Work item: Drop the images; return everything else in the listing below exactly.

Given data:
+++

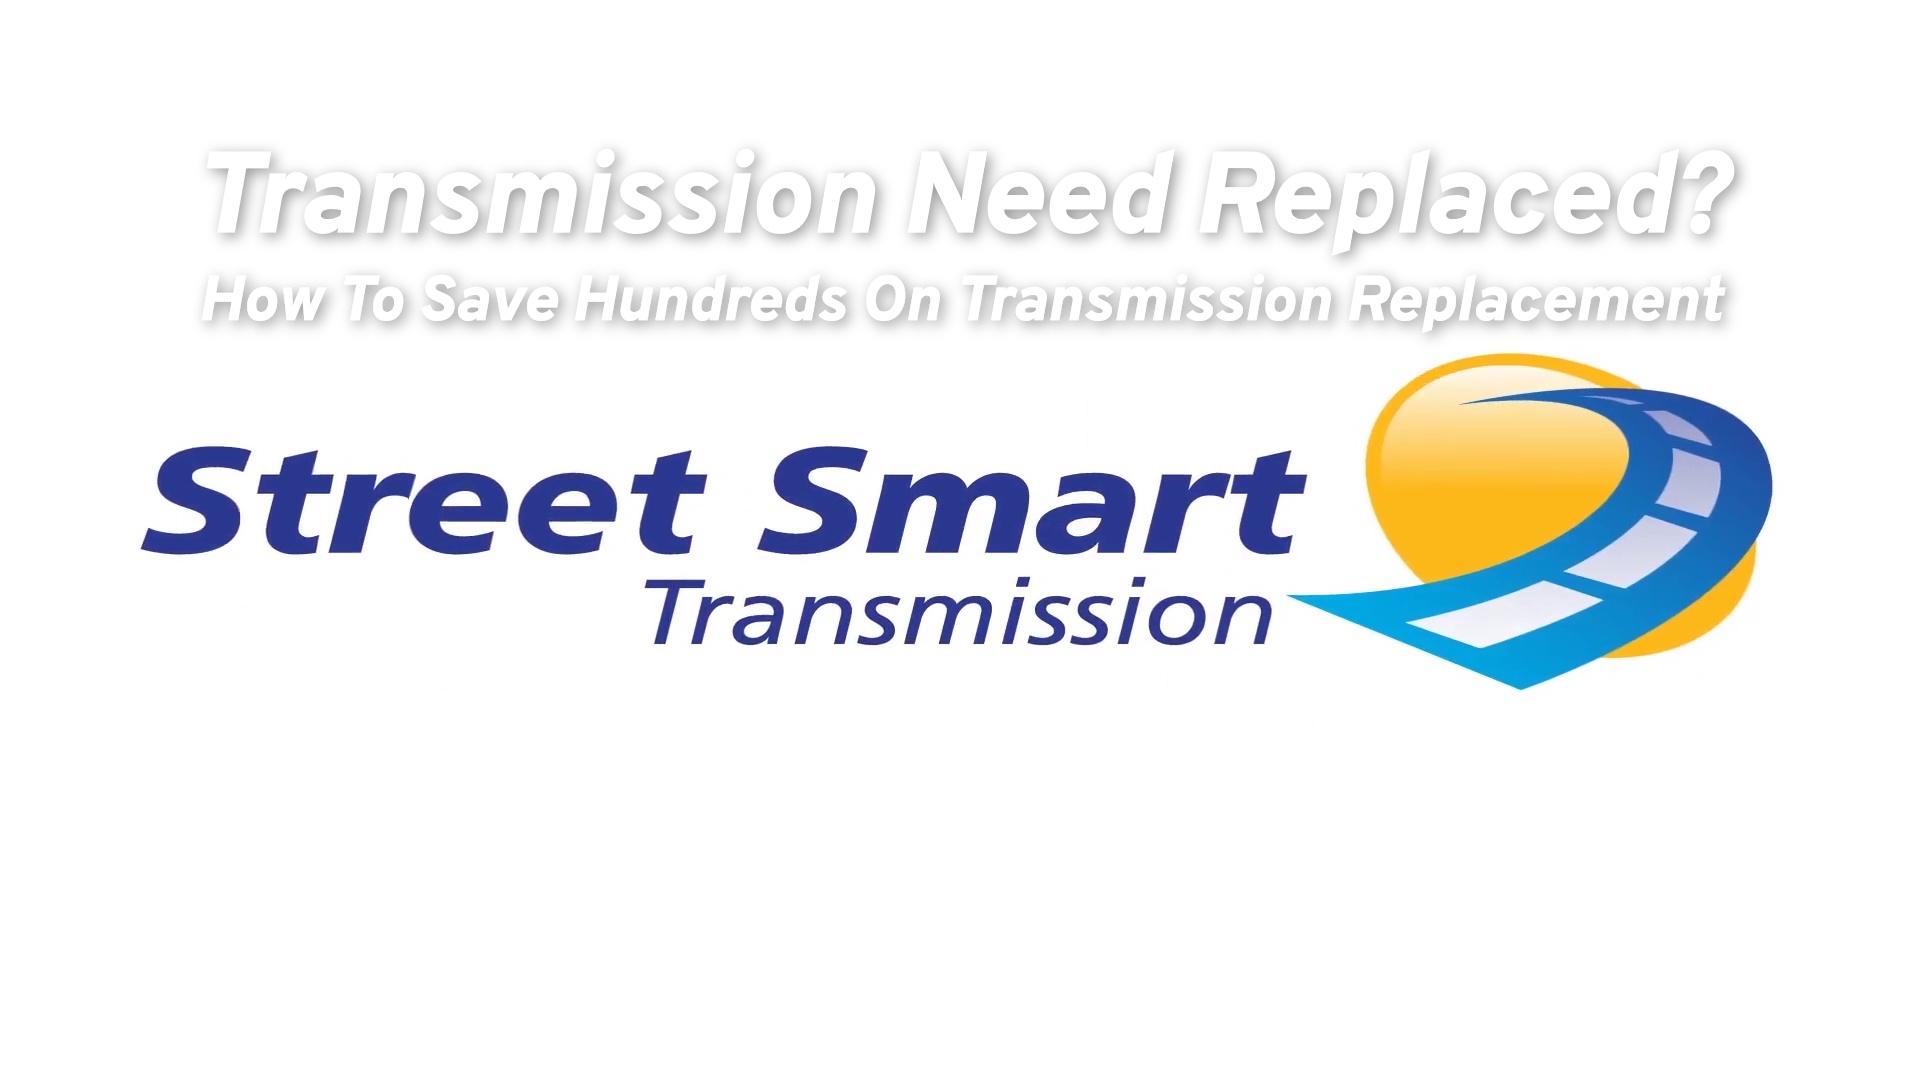 medium resolution of street smart transmission logo
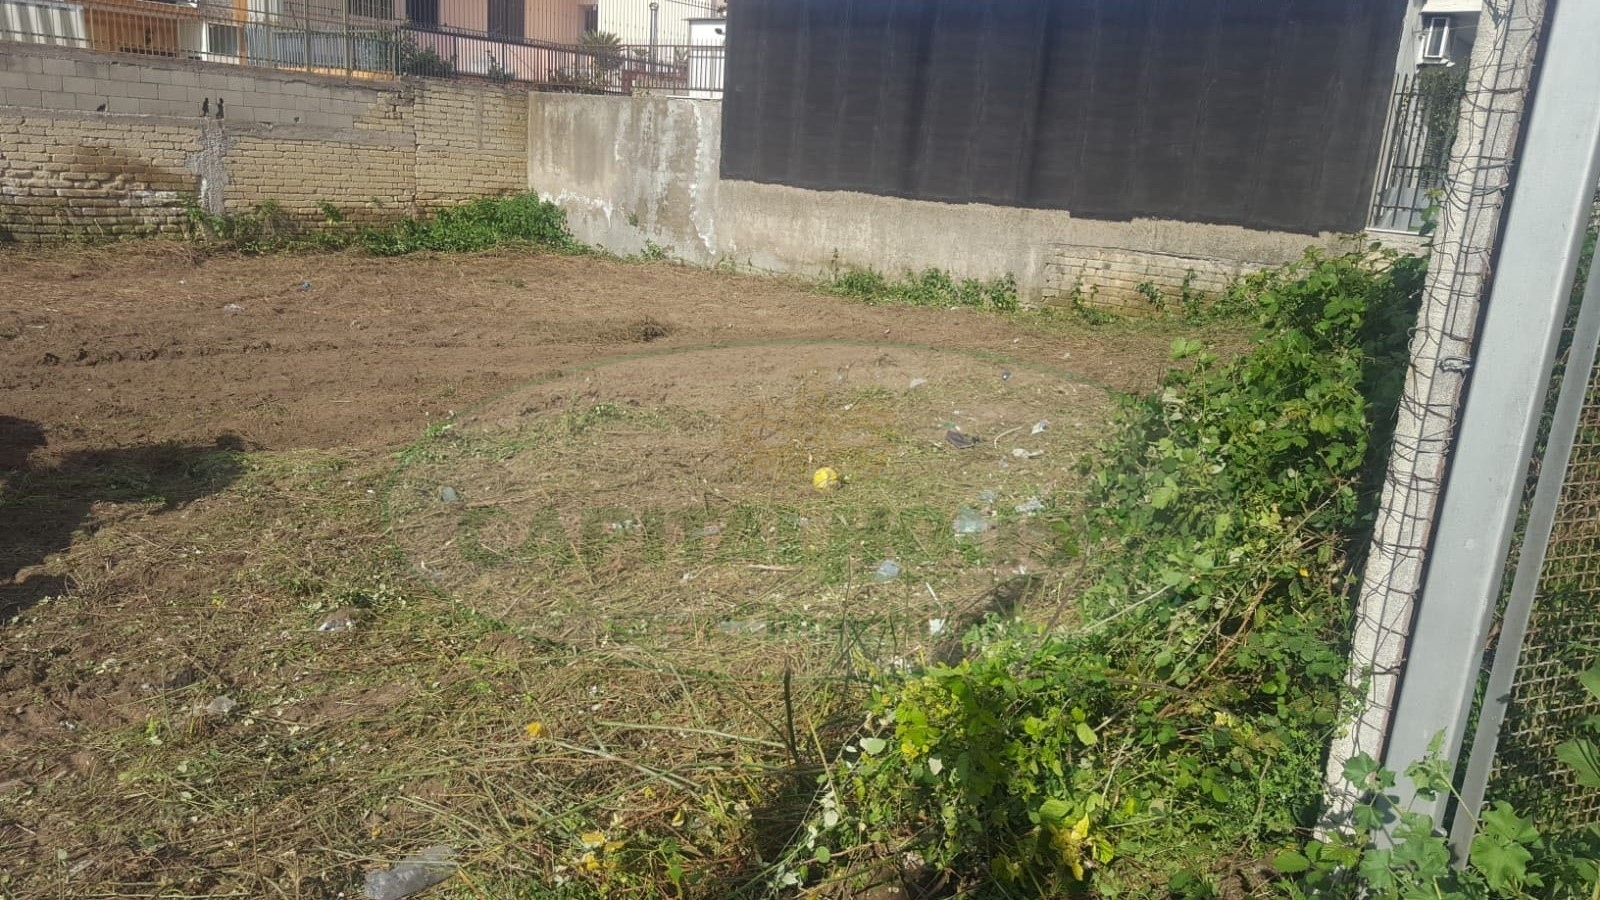 Terreno Agricolo in affitto a Afragola, 9999 locali, zona Località: ZonaSanMarco, prezzo € 600 | CambioCasa.it
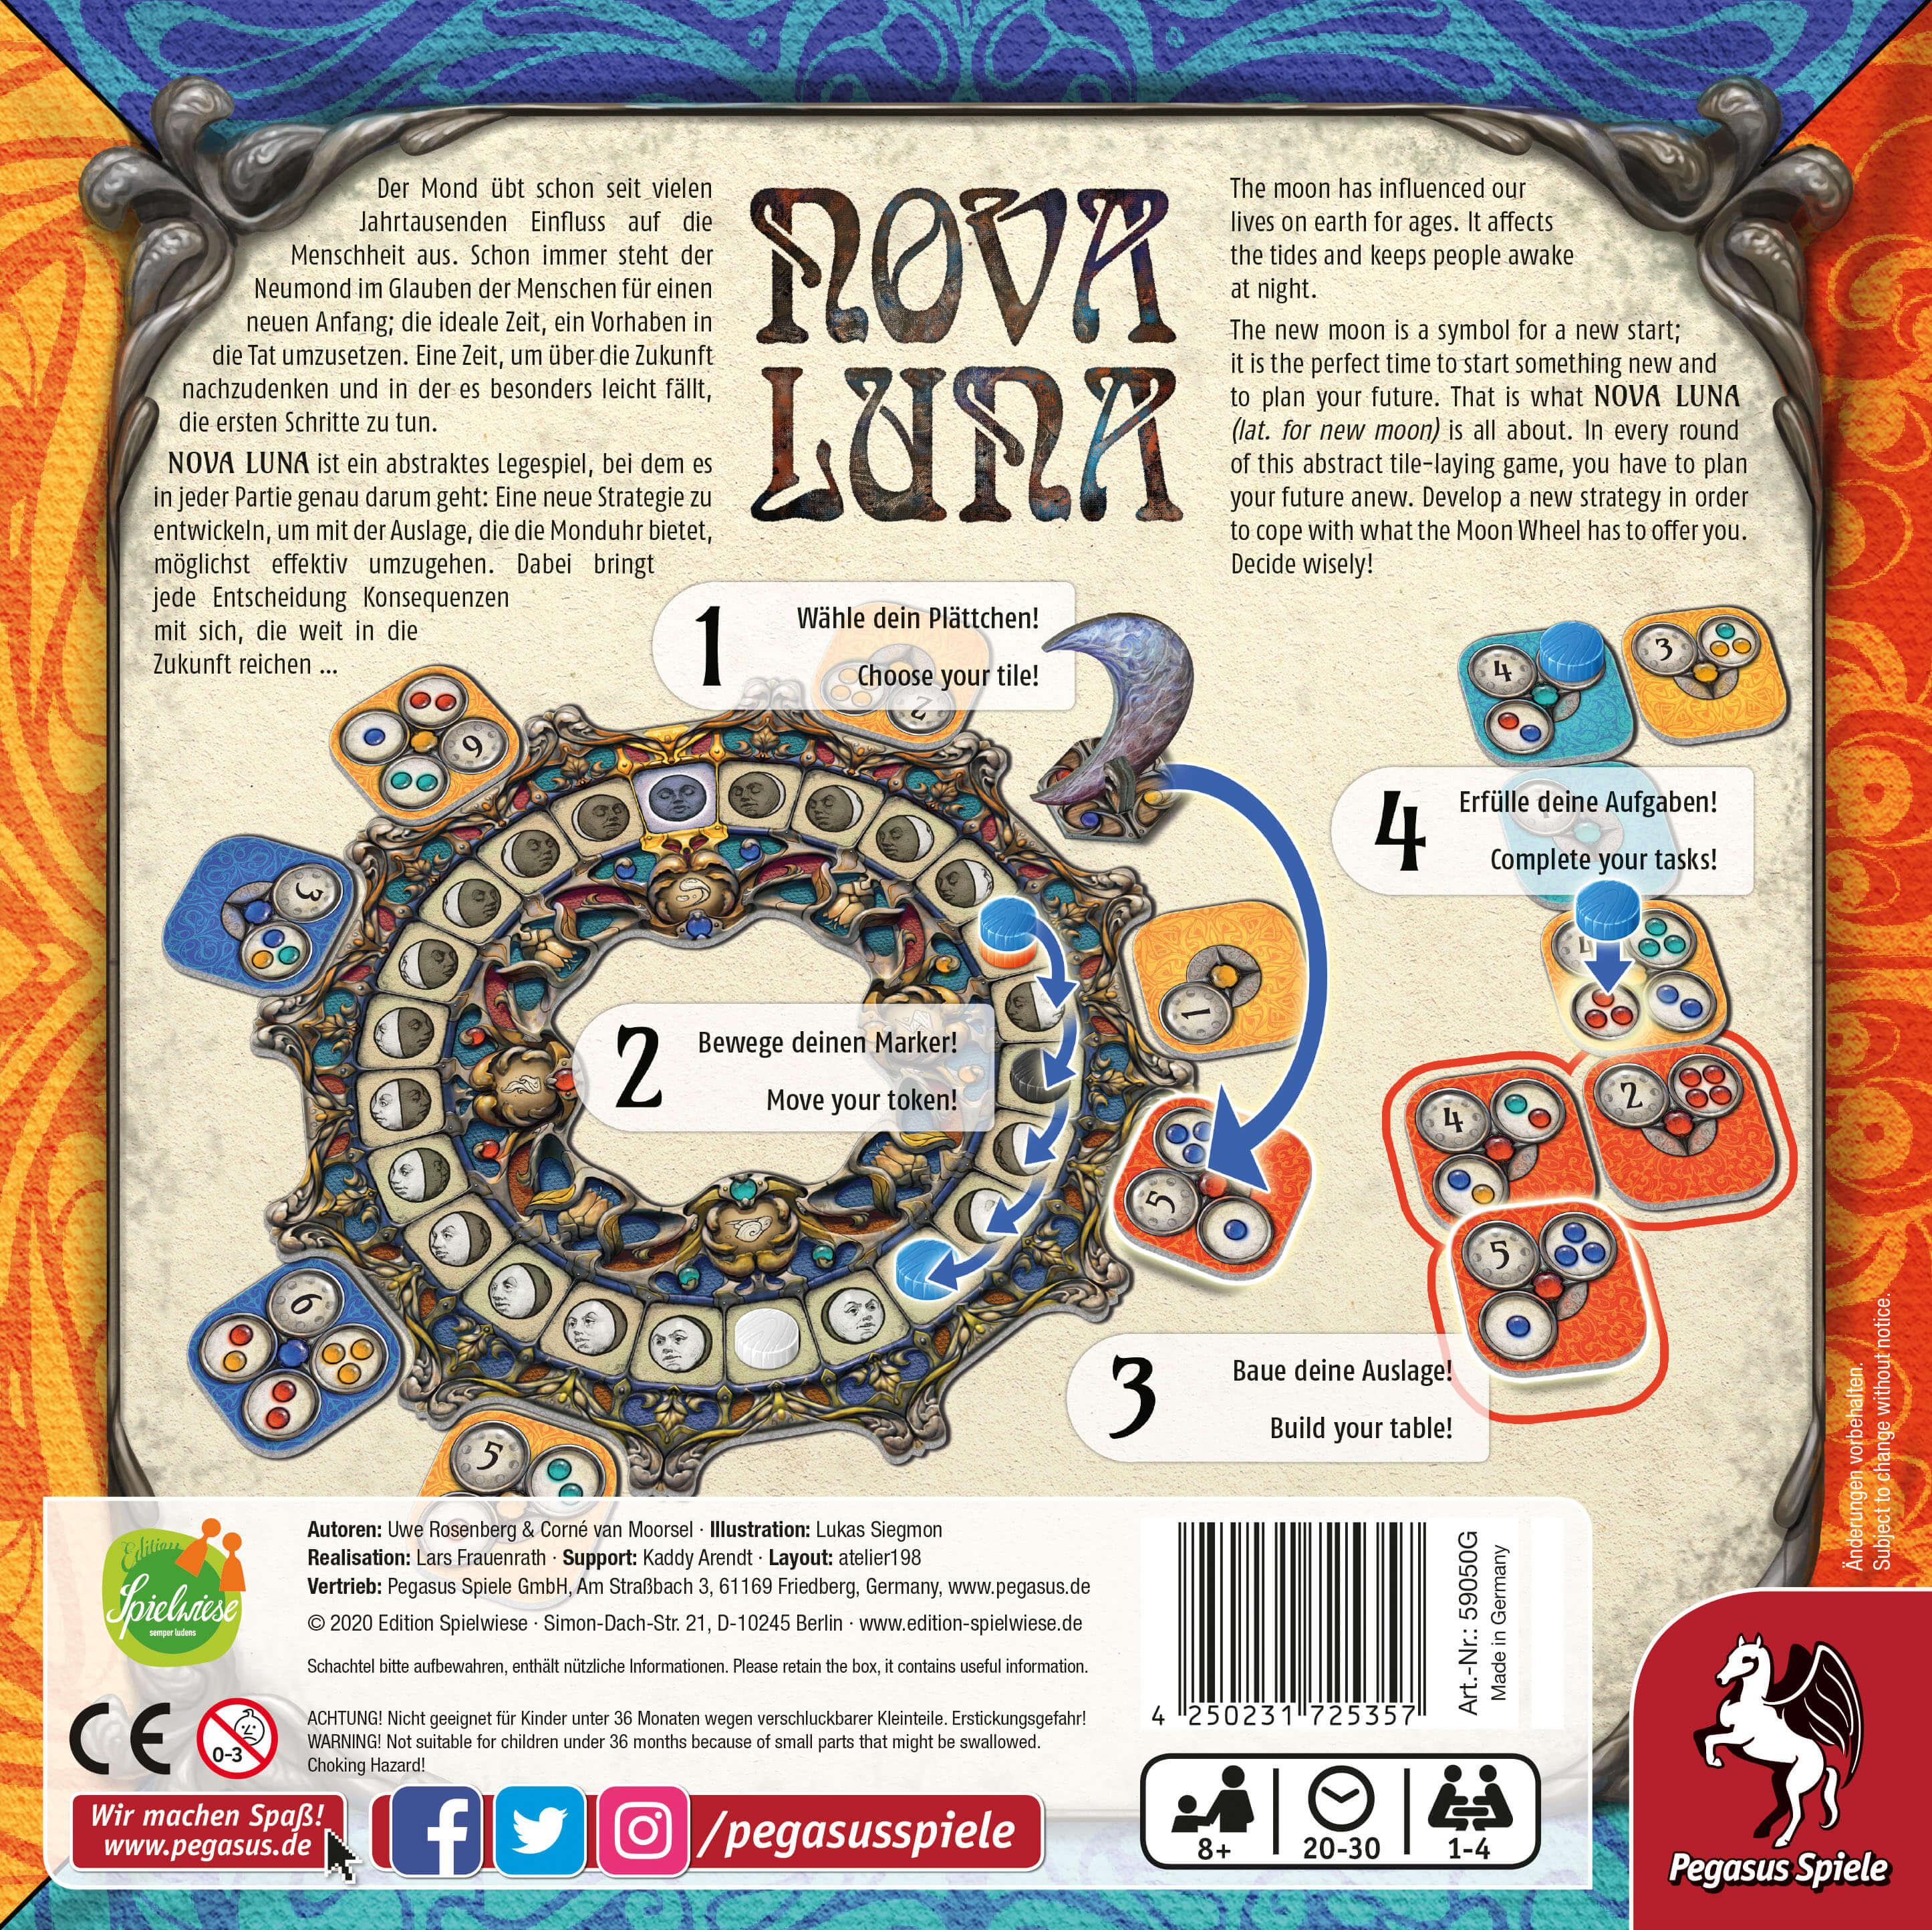 Schachtel Rückseite - Das familienfreundliche Legespiel- Nova Luna

+++

Exercise output:
 medium resolution of street smart transmission logo
 Terreno Agricolo in affitto a Afragola, 9999 locali, zona Località: ZonaSanMarco, prezzo € 600 | CambioCasa.it
 Schachtel Rückseite - Das familienfreundliche Legespiel- Nova Luna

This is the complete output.